The answer is the data repeated in full, with no pictures included.
[Collected data]
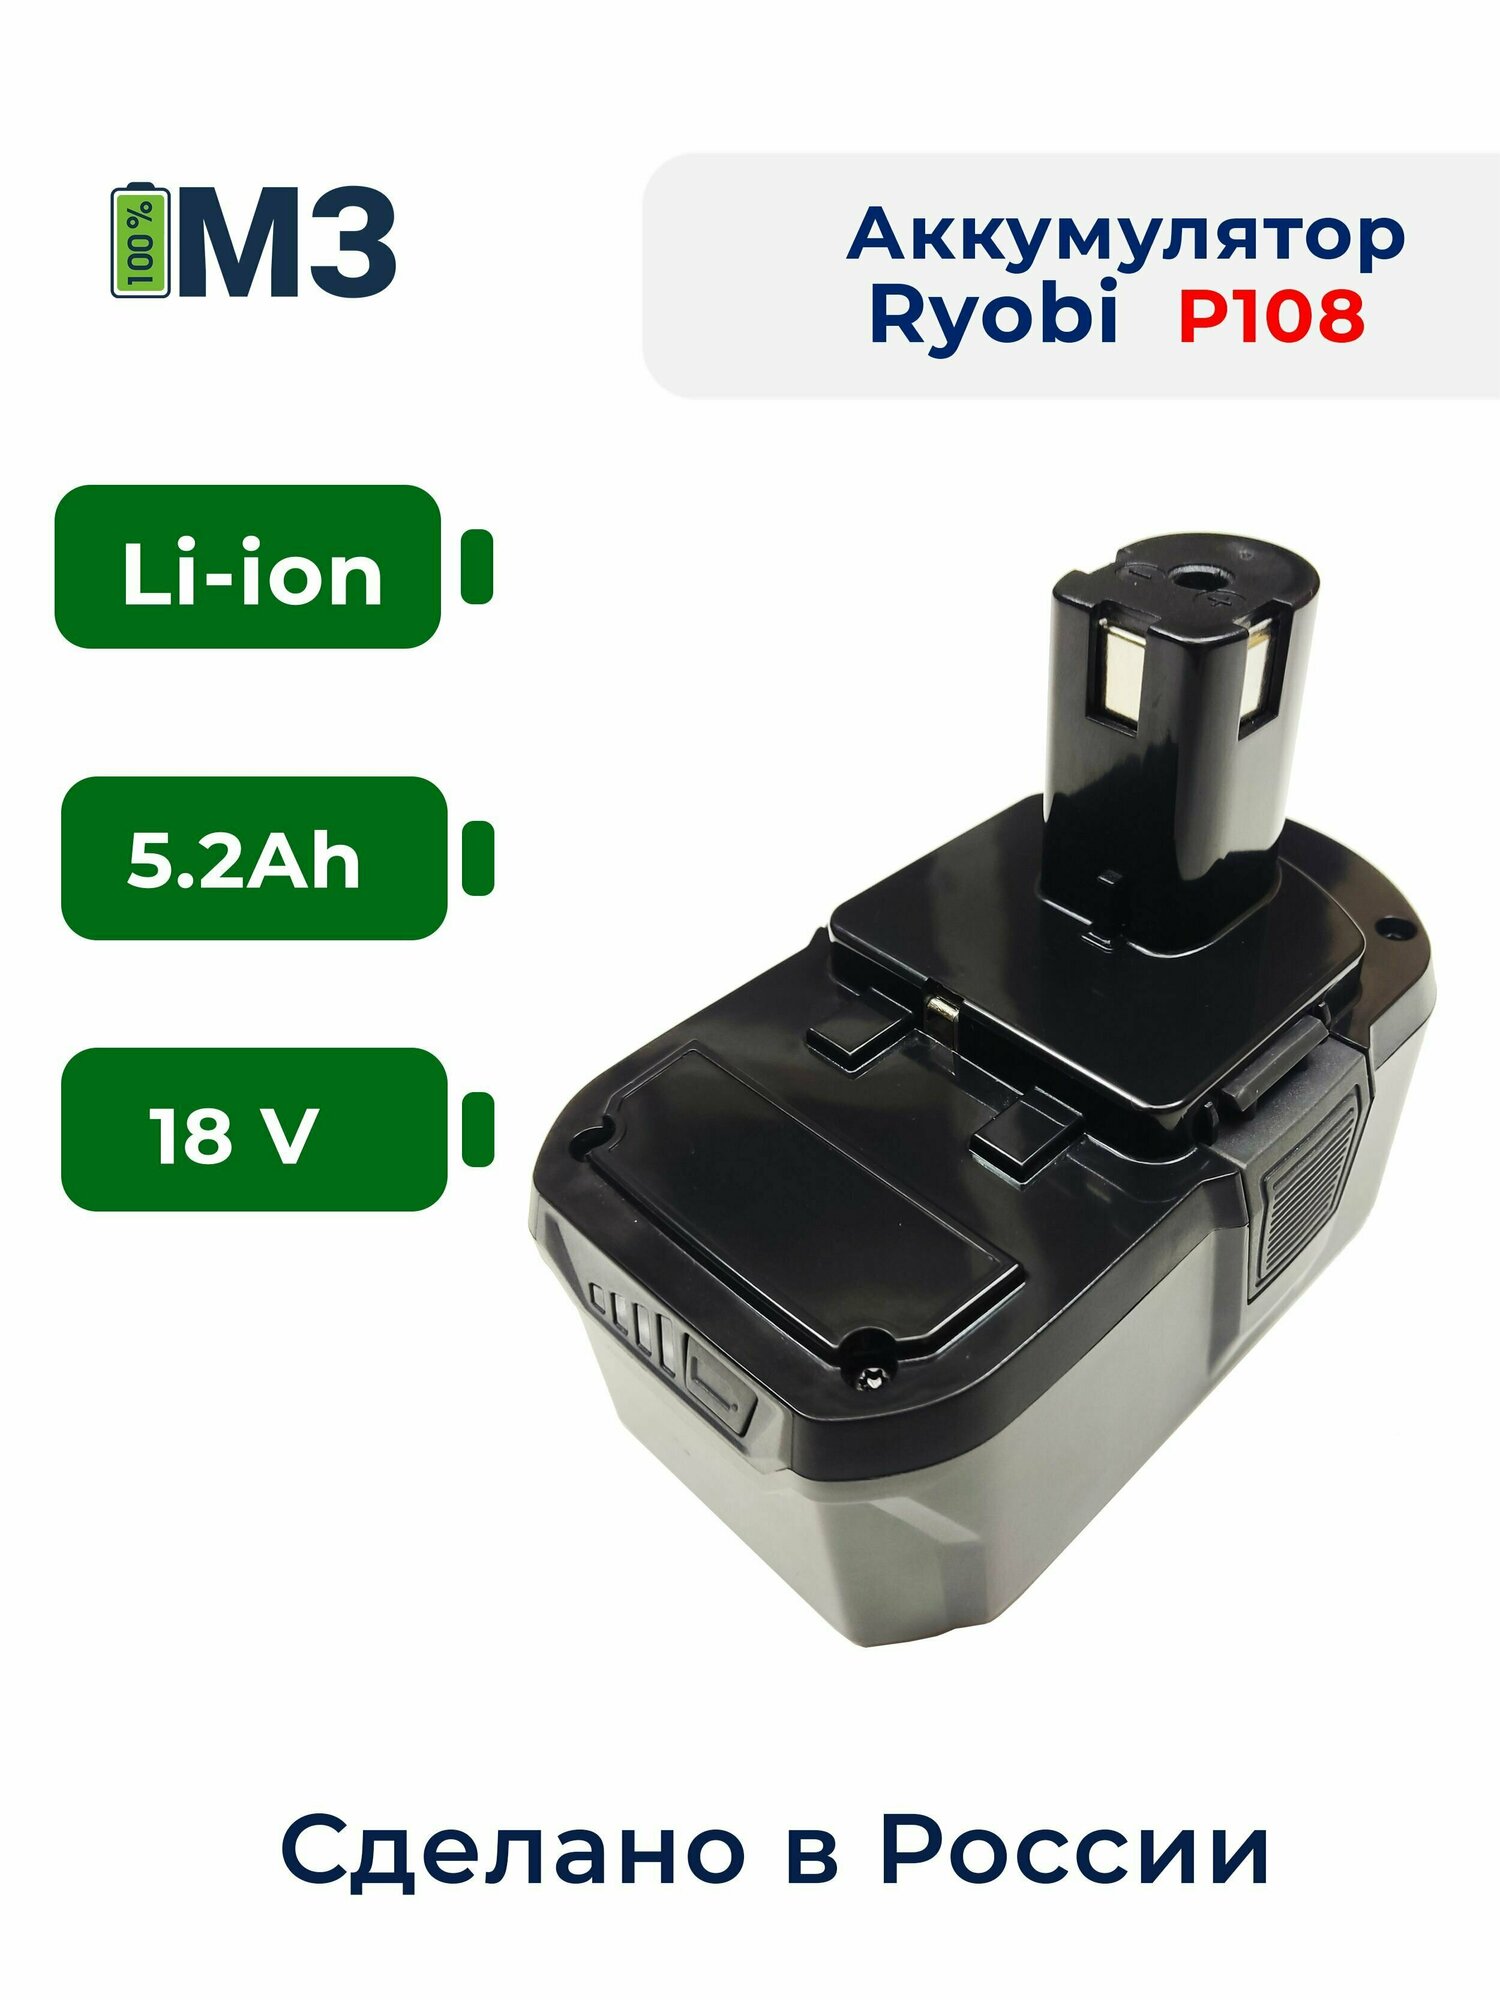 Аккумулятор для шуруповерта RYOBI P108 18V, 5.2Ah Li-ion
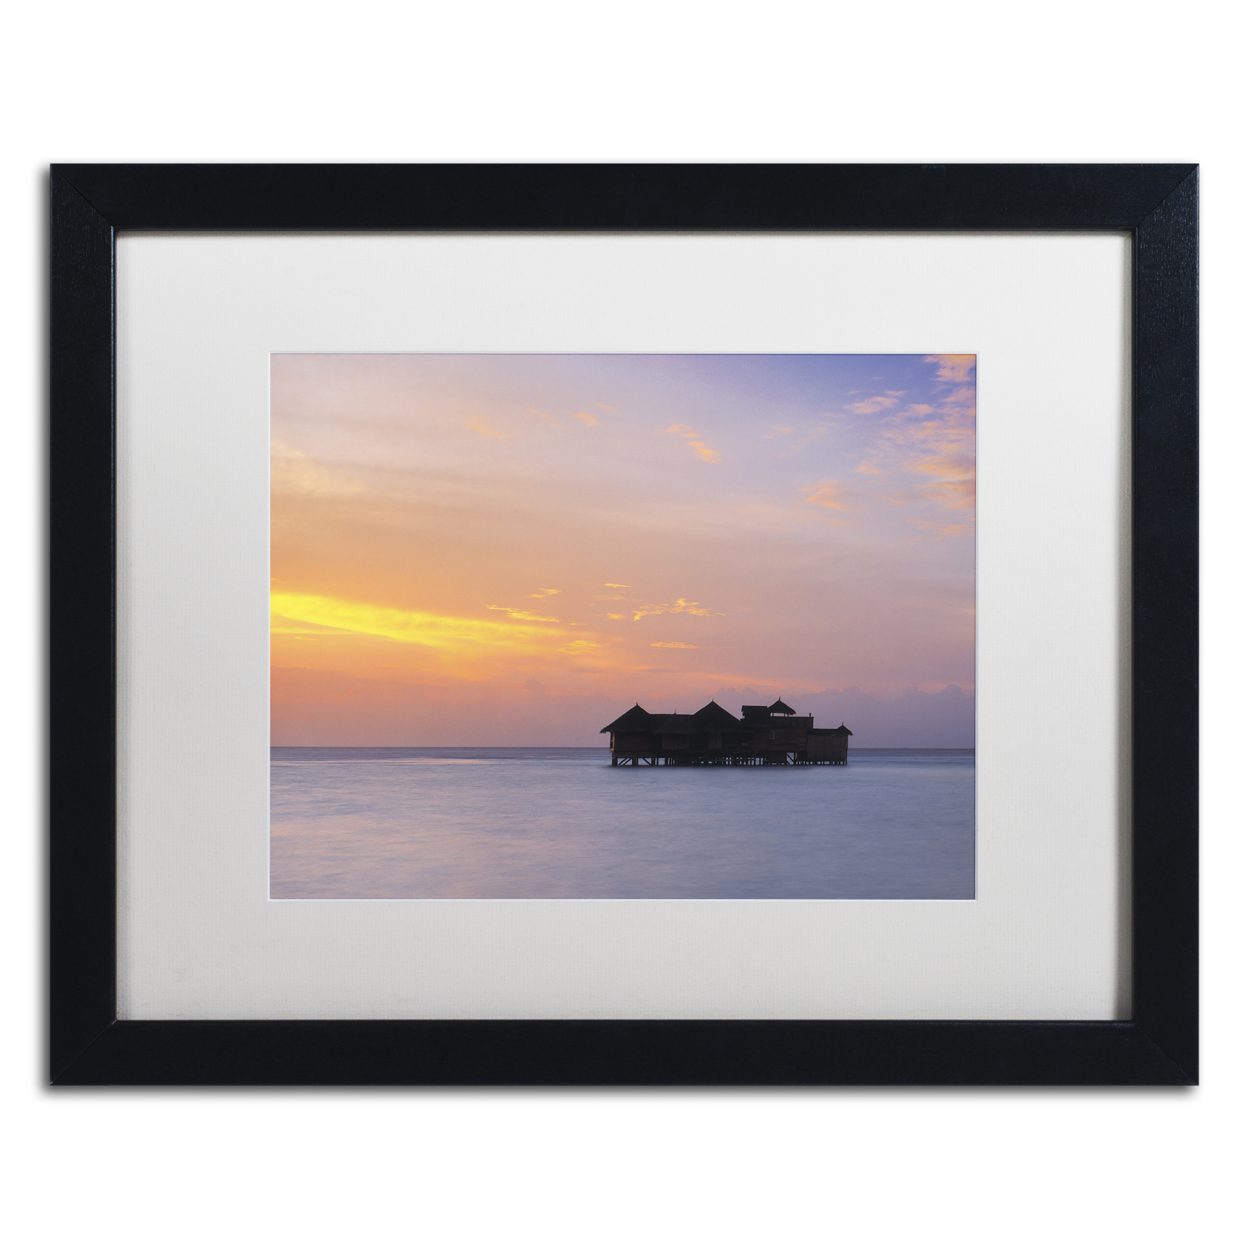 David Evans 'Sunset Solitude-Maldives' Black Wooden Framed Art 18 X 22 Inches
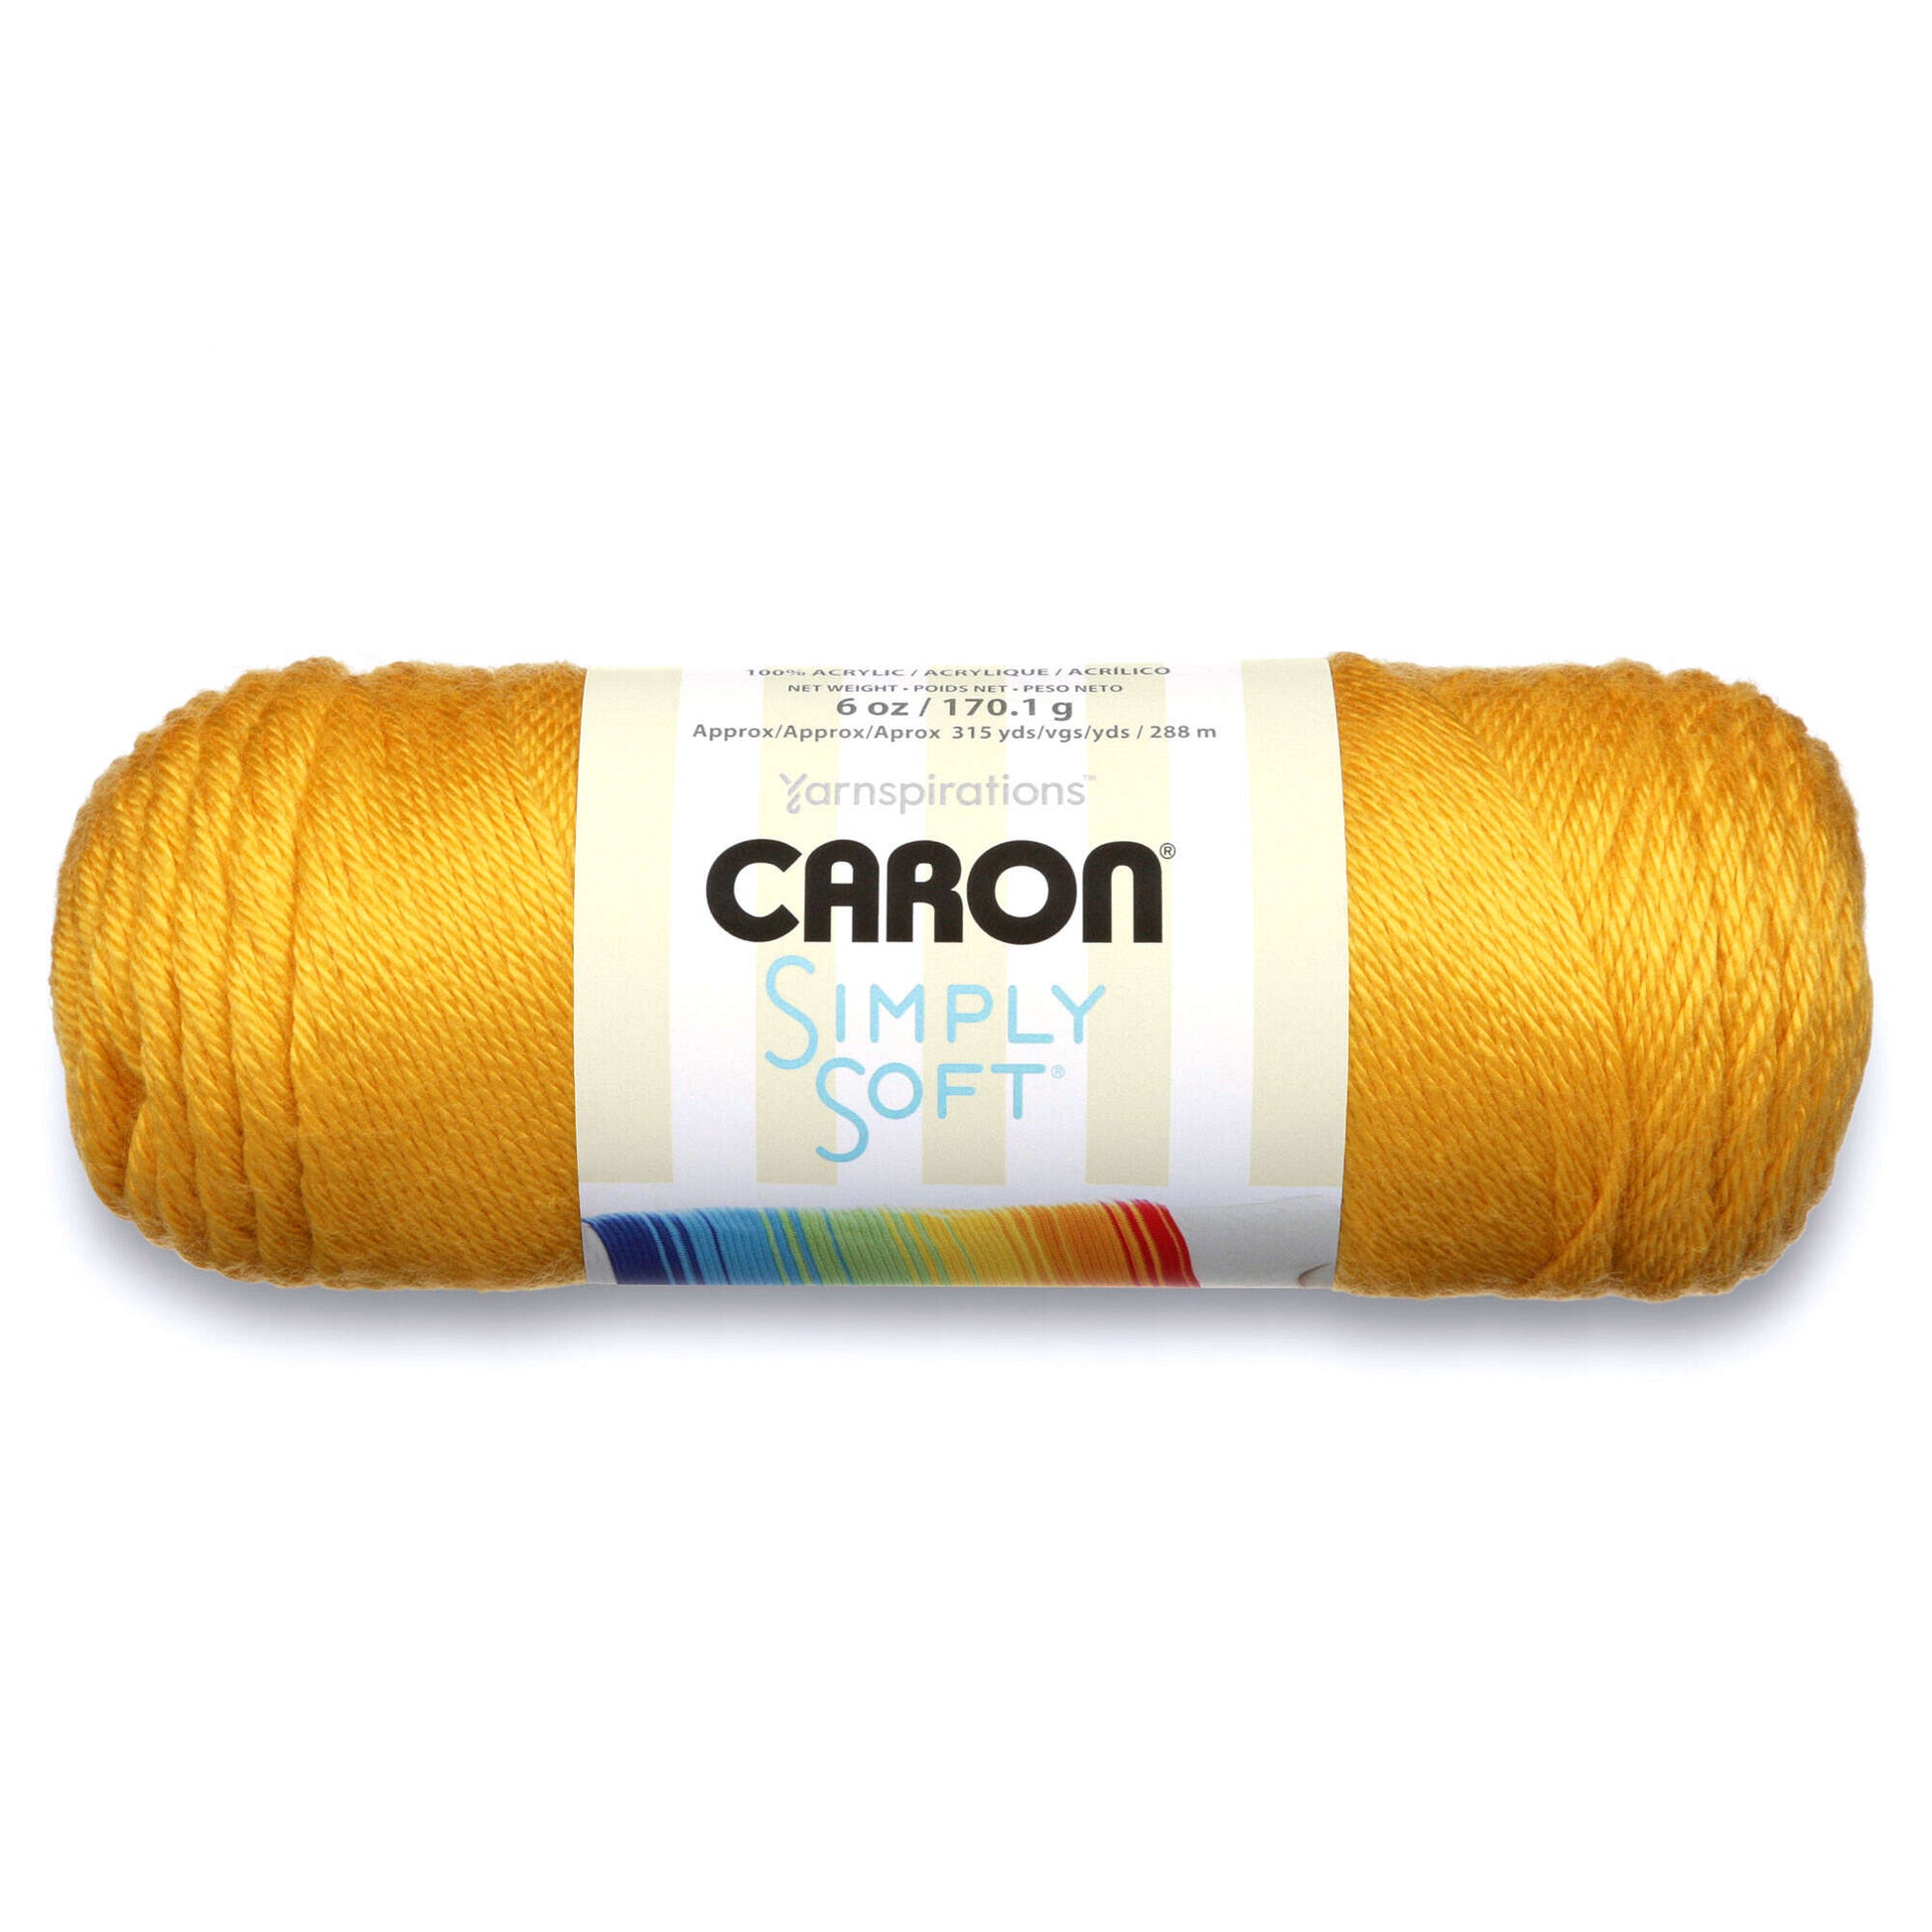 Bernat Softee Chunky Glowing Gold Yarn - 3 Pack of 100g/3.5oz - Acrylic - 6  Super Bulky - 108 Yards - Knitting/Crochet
[/Collected data]
§ **Solution to the exercise**:
 Аккумулятор для шуруповерта RYOBI P108 18V, 5.2Ah Li-ion
 David Evans 'Sunset Solitude-Maldives' Black Wooden Framed Art 18 X 22 Inches
 Bernat Softee Chunky Glowing Gold Yarn - 3 Pack of 100g/3.5oz - Acrylic - 6  Super Bulky - 108 Yards - Knitting/Crochet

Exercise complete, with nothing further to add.